What is expected:
Omit all pictures, and print word for word only the lines from the one containing "Oil & Gas Development" through the end of the data.

Data extract:
**********
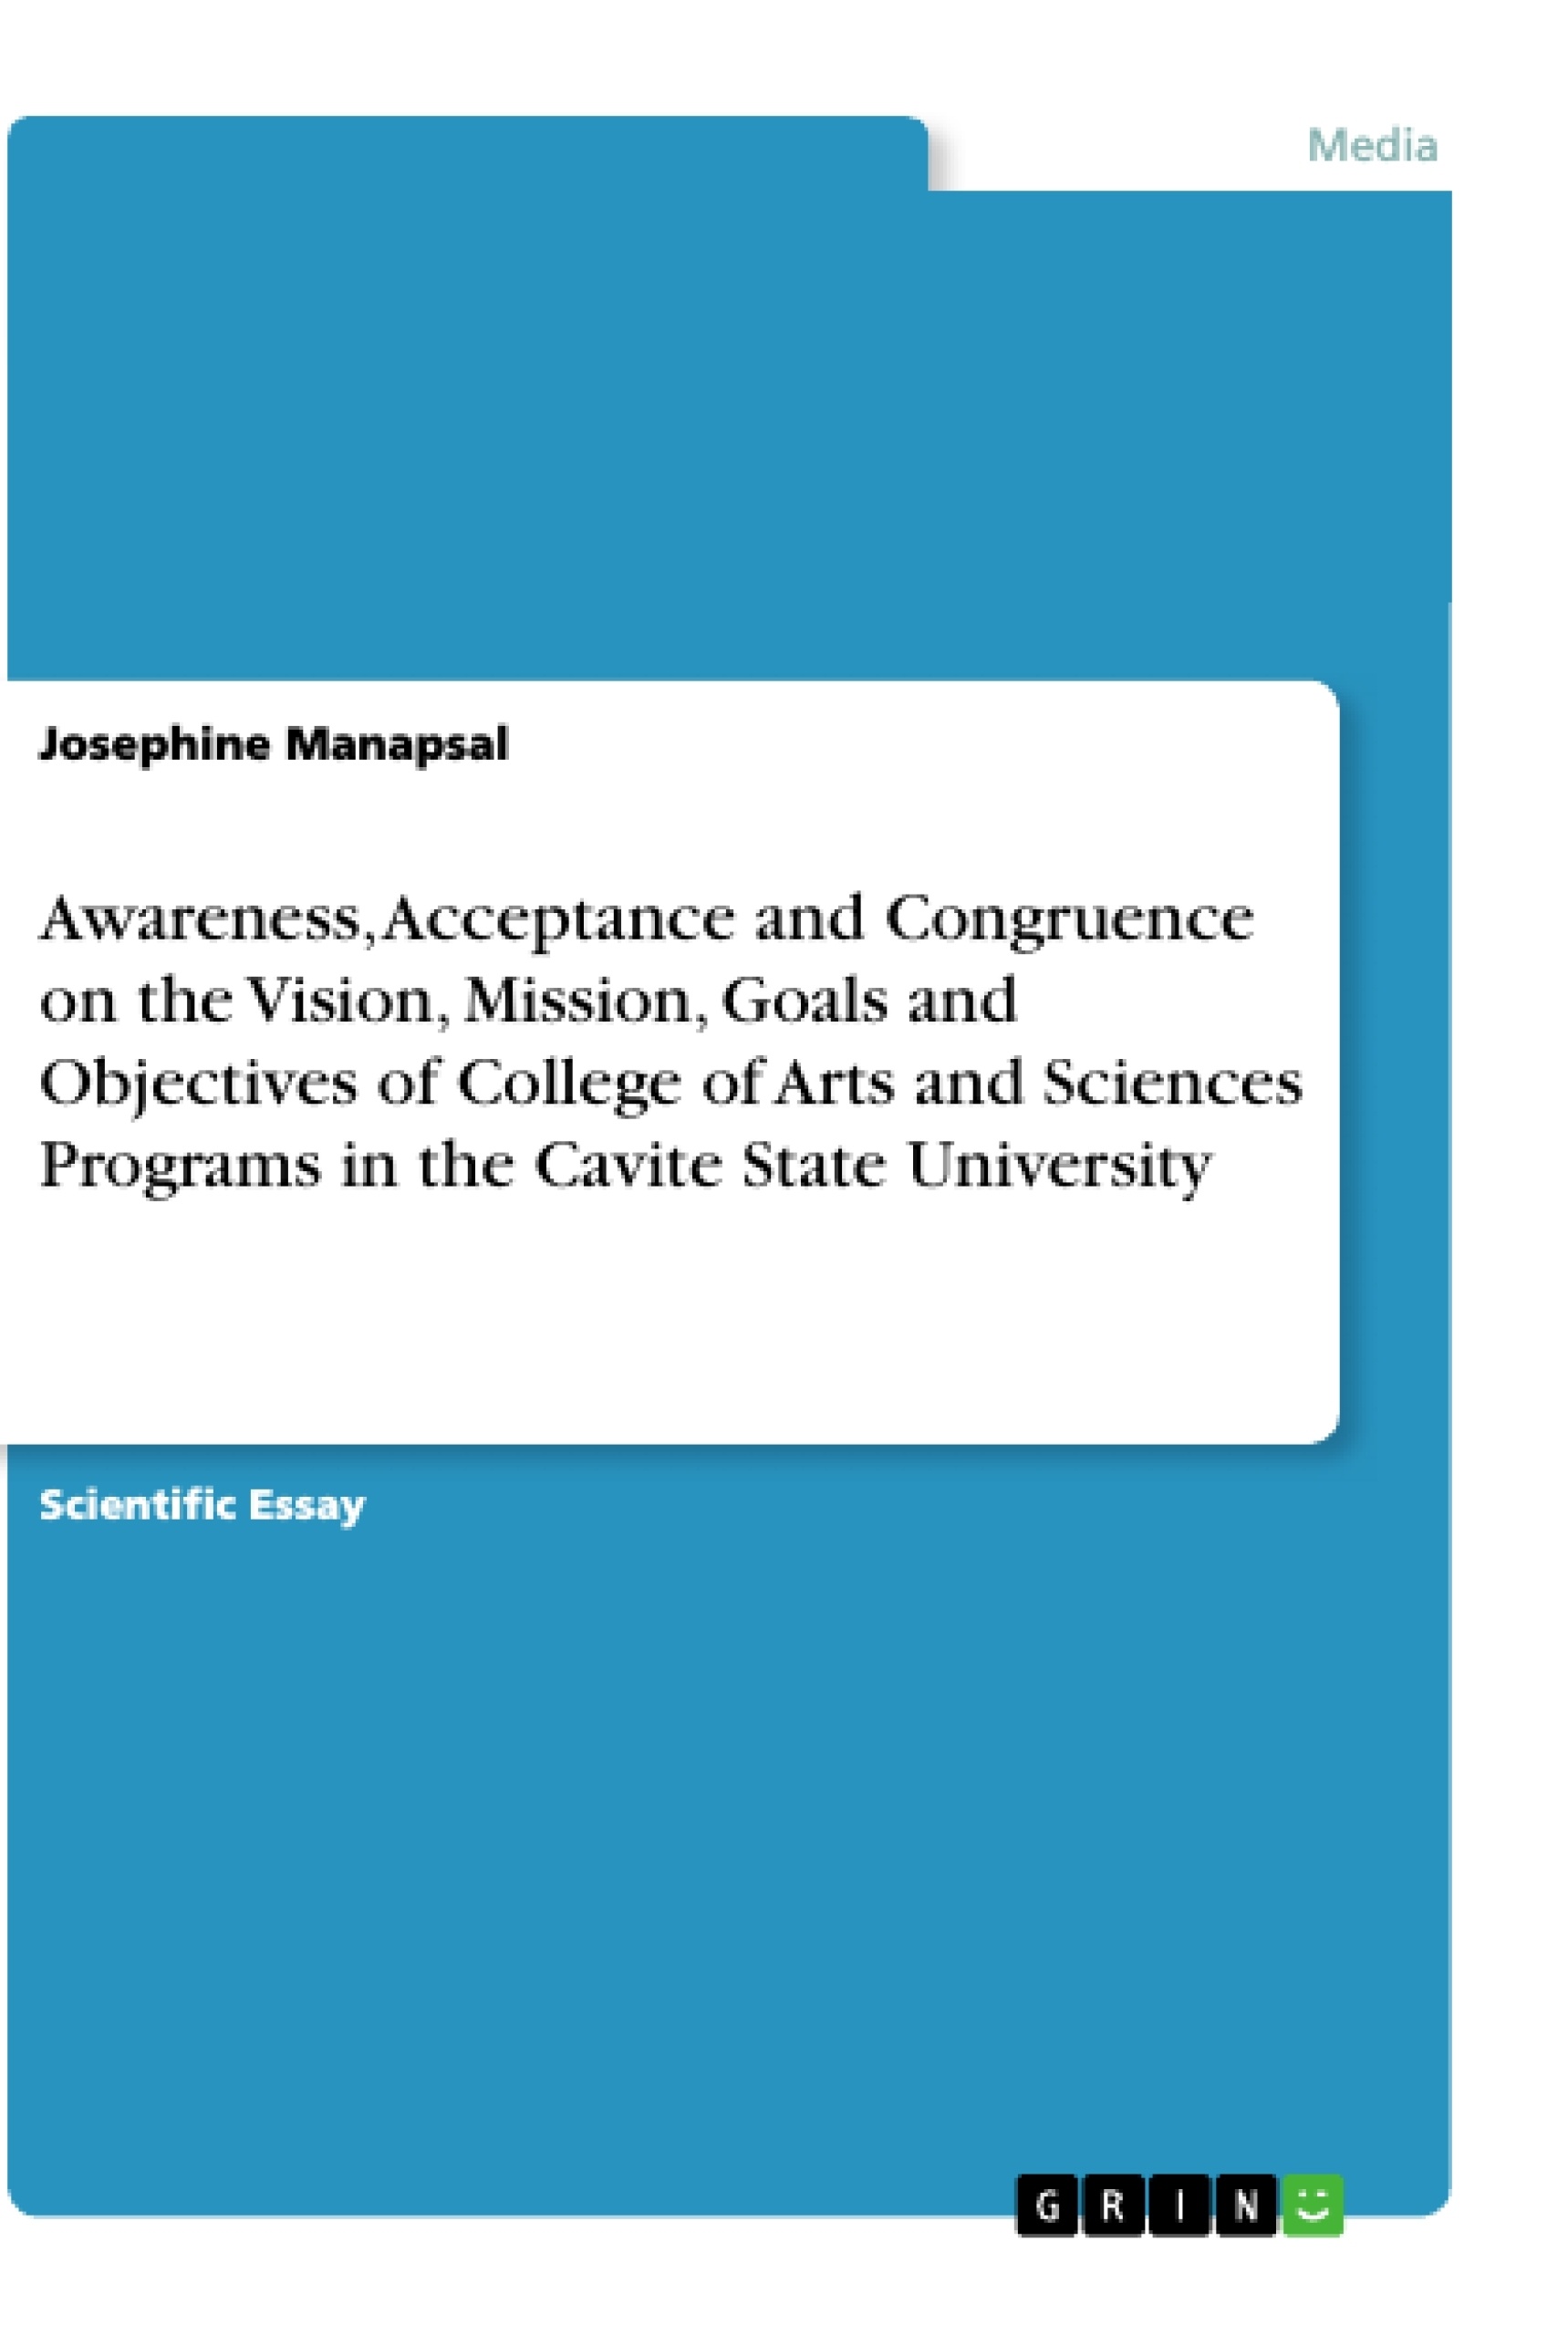 Title: Awareness, Acceptance and Congruence on the Vision, Mission, Goals and Objectives of College of Arts and Sciences Programs in the Cavite State University
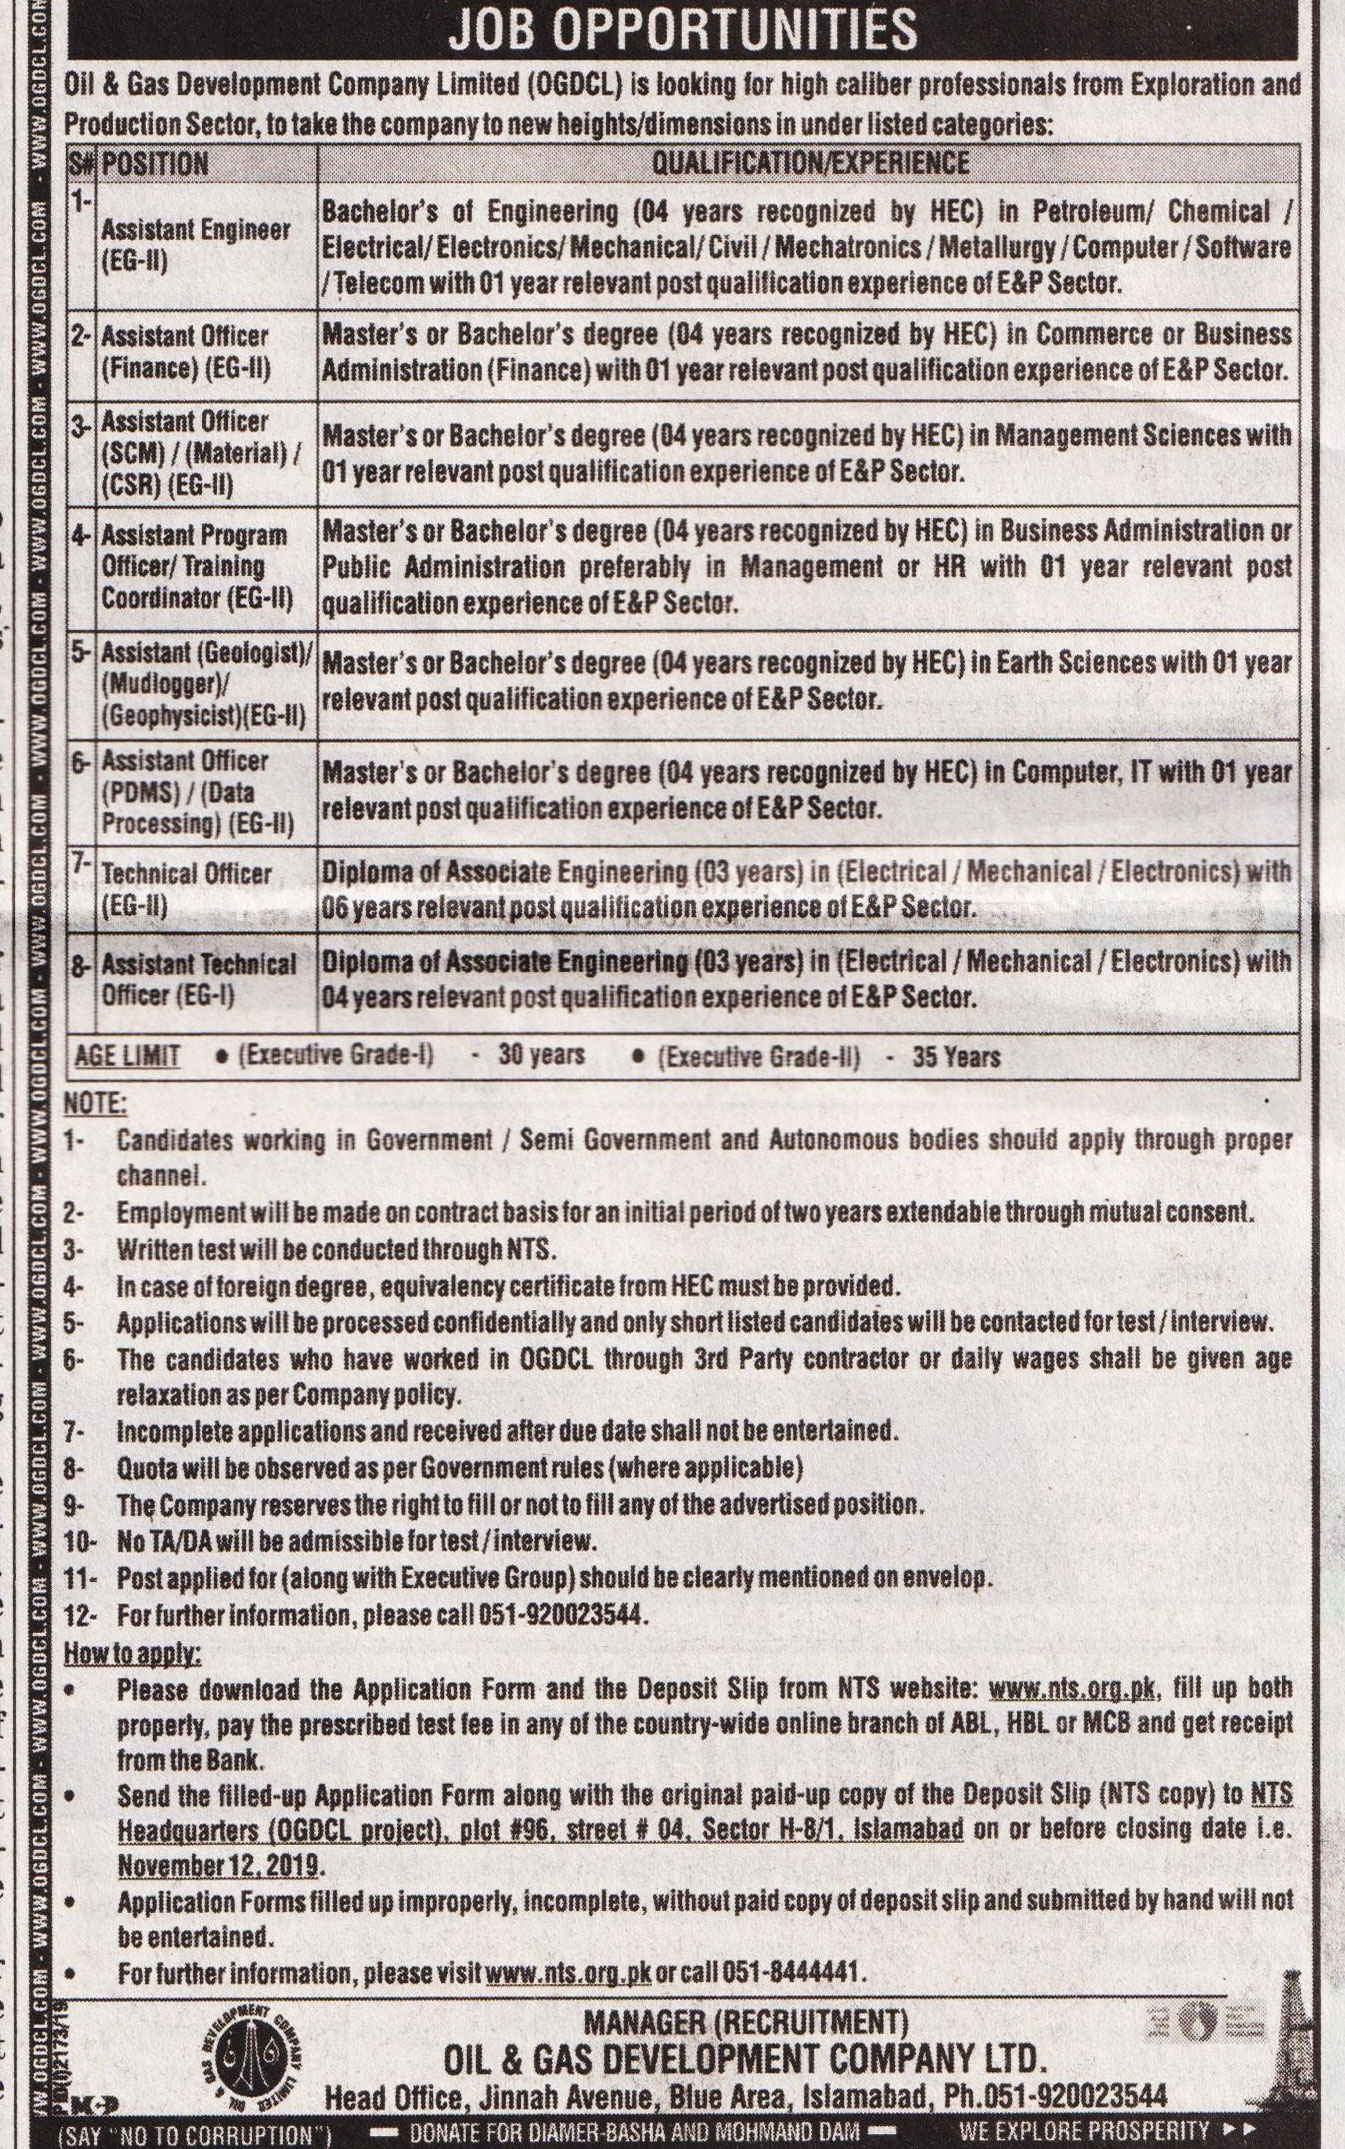 Oil & Gas Development Company Limited Offering Jobs In Islamabad
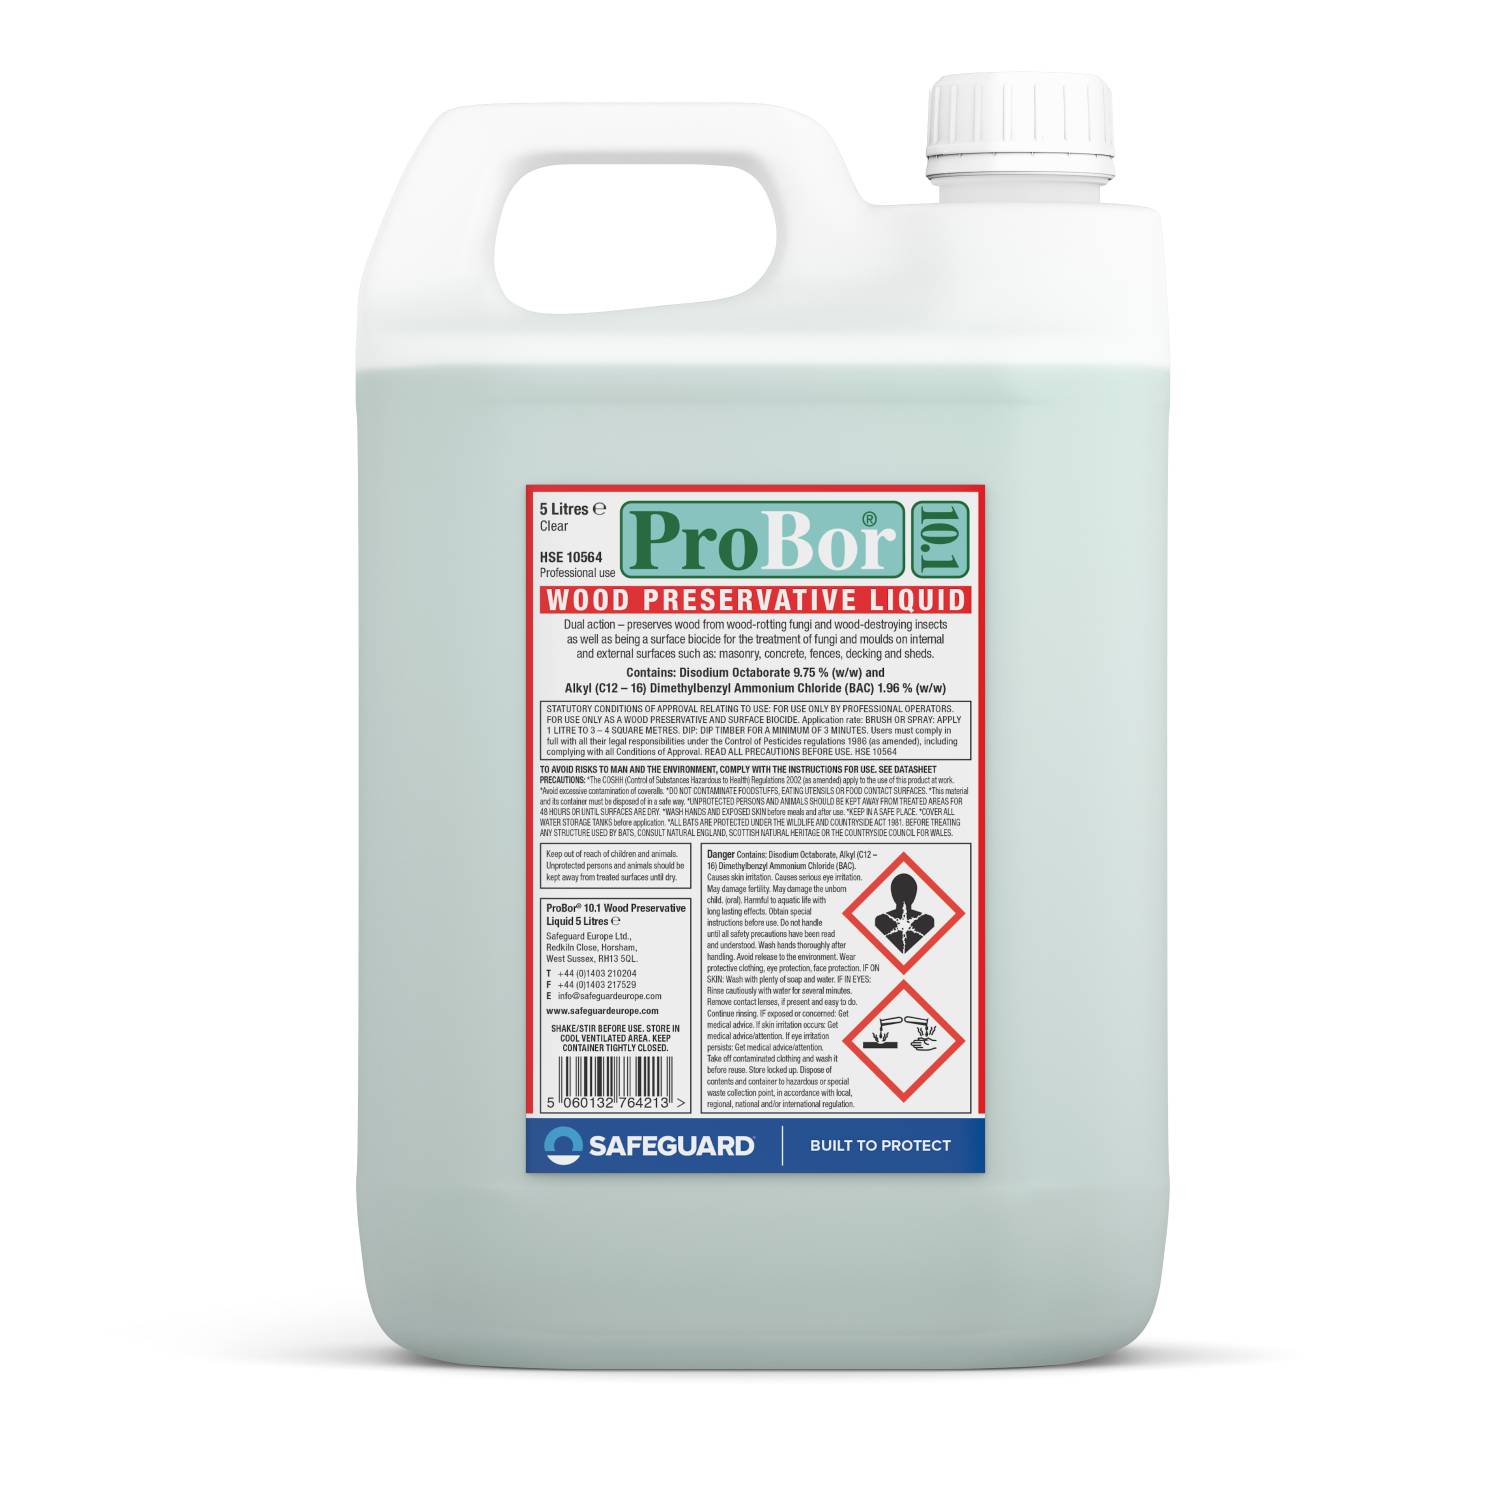 ProBor 10.1 - High Strength Dual Purpose Wood Preservative Liquid, for Woodworm, Dry and Wet Rot Treatment, Low Odour Formulation
**********
Written reply:
 Oil & Gas Development Company Limited Offering Jobs In Islamabad
 ProBor 10.1 - High Strength Dual Purpose Wood Preservative Liquid, for Woodworm, Dry and Wet Rot Treatment, Low Odour Formulation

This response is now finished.